Federal and provincial legislation places restrictions on who has access to all kinds of information we entrust to public institutions, and most provinces have specific laws to safeguard sensitive health data, he said.

Who can see your information?

Information in the health sector presents a real challenge because so many people have legitimate reasons to access records. The protocols used by other parts of the public sector to ensure only authorized persons can see confidential information don't work when all sorts of health care providers need timely access.

"By default, everybody who could be involved in the care of a patient has general access based on their role," Fraser said.

"It means there are thousands of people who potentially have access to information because there’s thousands of people who potentially have need to have access to it. Putting a barrier in place and a process to get through it could in fact jeopardize patient care.”

But the need to avoid having a gatekeeper delay access to health information also increases the potential for misuse, as at Rouge Valley.

"And because you’re talking about health information the possible consequences of abuse are pretty significant," Fraser observed.

The solution is to tighten the number of individuals who have access to the information and conduct regular audits to ensure the system is not abused, he said.

“The technology’s actually developing to automate that system to show any sort of outliers," said Fraser.

Some jurisdictions send out yearly lists to patients showing who has accessed their records, inviting them to challenge anyone they think should not have seen them to justify their access, Fraser said.

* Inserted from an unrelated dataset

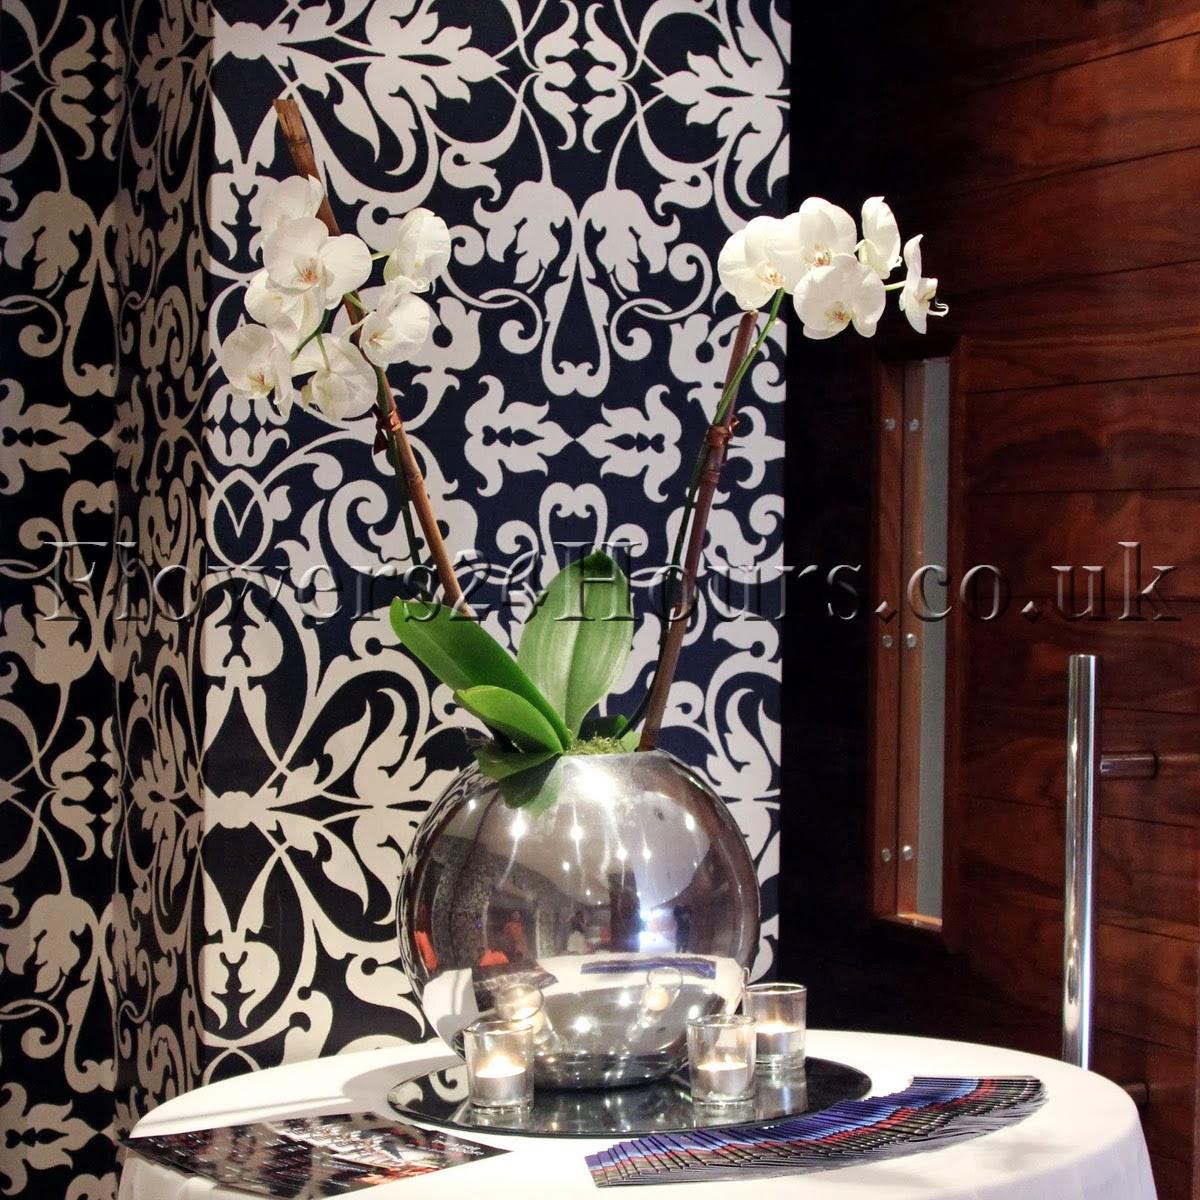 New Inspiring Selection of Flower Arrangements from UK Flower ... on florist books, florist bowls, florist centerpieces, florist containers, florist tools,

Software is also being developed that looks for anomalies in patterns of access, for instance if a hospital records clerk accesses 150 files a week when the average should be 60.

[ Related: Anti-snooping legislation to protect health info coming to Sask. ]

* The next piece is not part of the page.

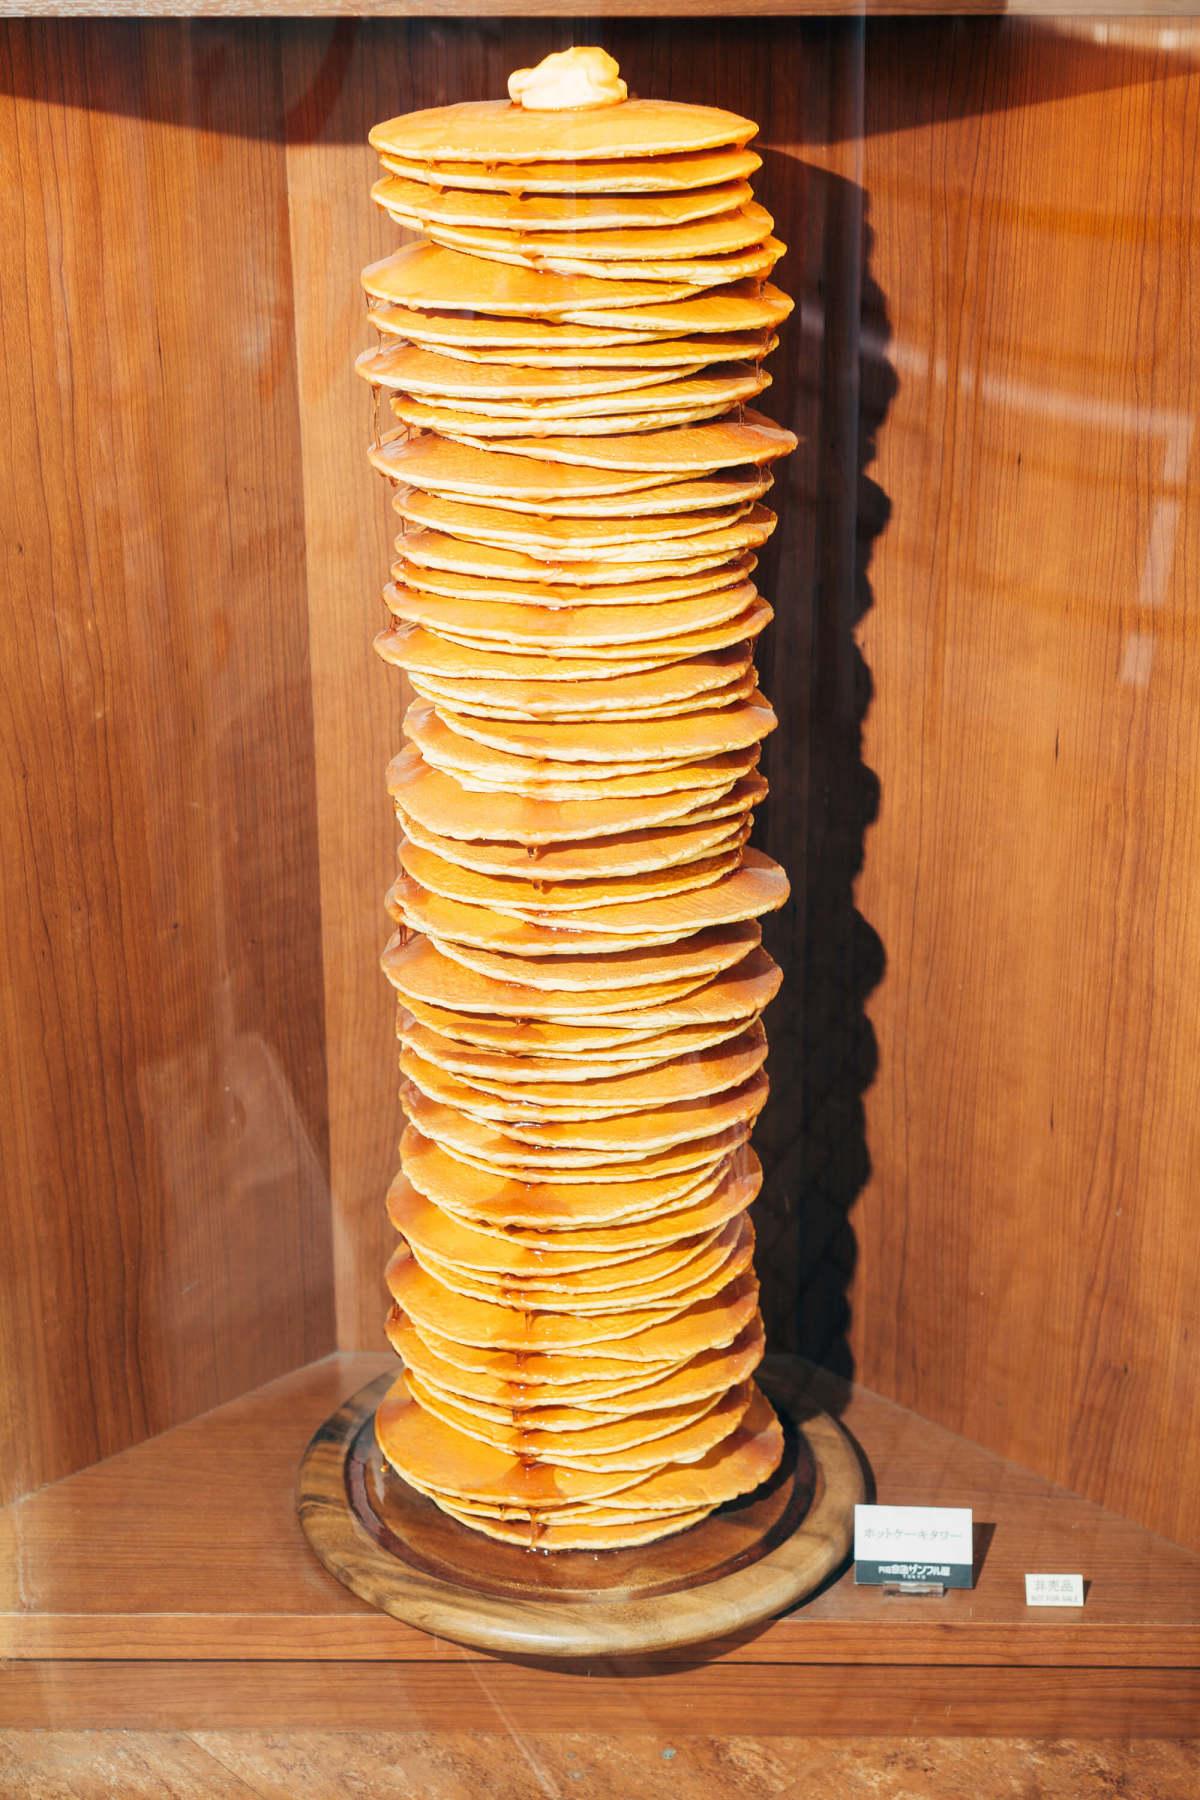 pancakes - Marco Arguello.jpg

Electronic records provide clear benefits to health care, said Fraser, but also bring increased risks to privacy.

"It’s a matter of what steps can you take to mitigate those increased risks," he said. "The technology is certainly evolving."

Better policing of personal information

Meanwhile, the advent of health information privacy laws in the last 15 years has led to an uptick in prosecutions when breaches are discovered, said Fraser.

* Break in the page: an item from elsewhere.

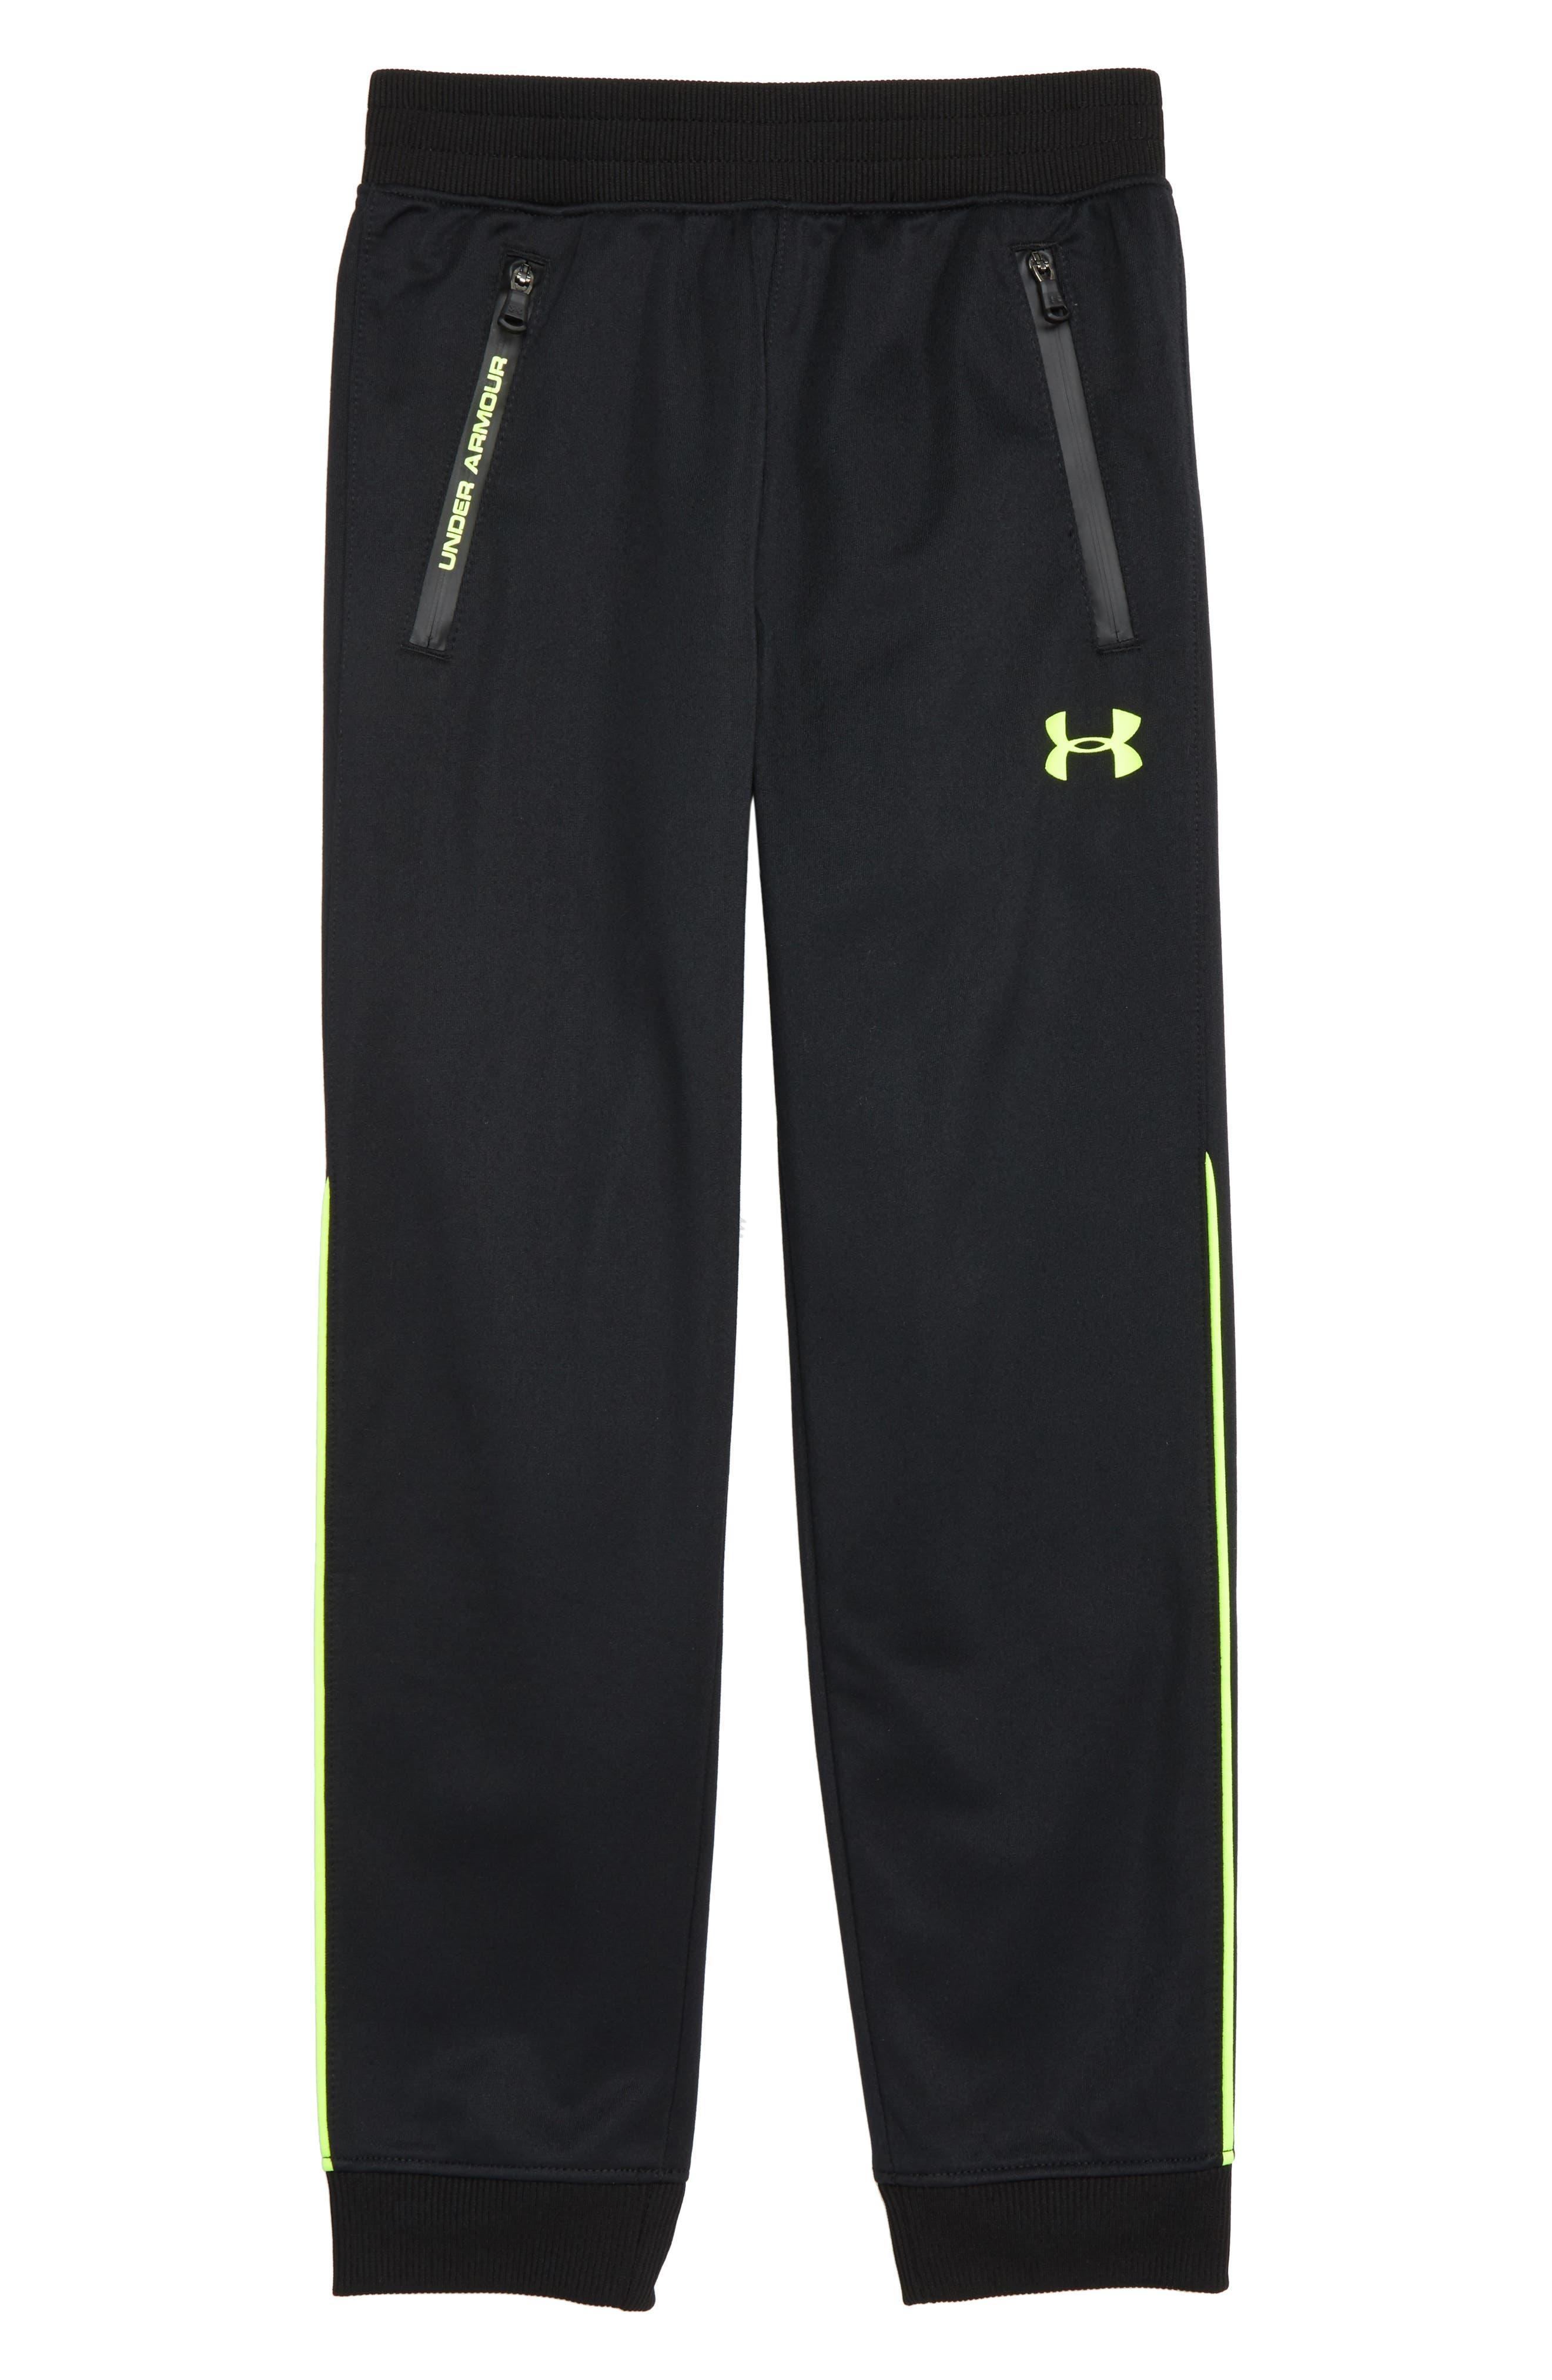 Pennant 2.0 Pants,                         Main,                         color, BLACK

An Edmonton druggist was fined $15,000 in 2011 for posting personal health information on Facebook about several people she was quarrelling with, the National Post reported.

A clerk at the Vancouver Coastal Health Authority was fired but apparently not prosecuted for snooping in the medical records of some local media personalities simply out of curiosity, The Canadian Press reported in 2012.

It sometimes sets privacy law against labour law covering employees' rights, Fraser said. Hospitals that have wanted to fire someone for a proven privacy breach end up settling for lesser discipline imposed by an arbitrator when the dismissal is challenged.

Trell Huether, a spokesman for Cavoukian's office, told Yahoo Canada News it's up to the provincial attorney general to decide whether someone should be prosecuted for violating Ontario's health information law following the commissioner's investigation or a complaint by the hospital.

Individuals affected by a privacy breach can also sue for damages under Section 65 of the act, he noted. Brazeau said he's not aware of whether any of the thousands of patients targeted in this breach are planning to sue.

However, a civil action seems likely.

“This case is a worst-case scenario, because there is intentional access, there is obviously a number of employees involved, but there was also commercial dissemination,” lawyer Michael Crystal, representing patients in two class-action suits over privacy breaches at other Ontario hospitals, told the Star.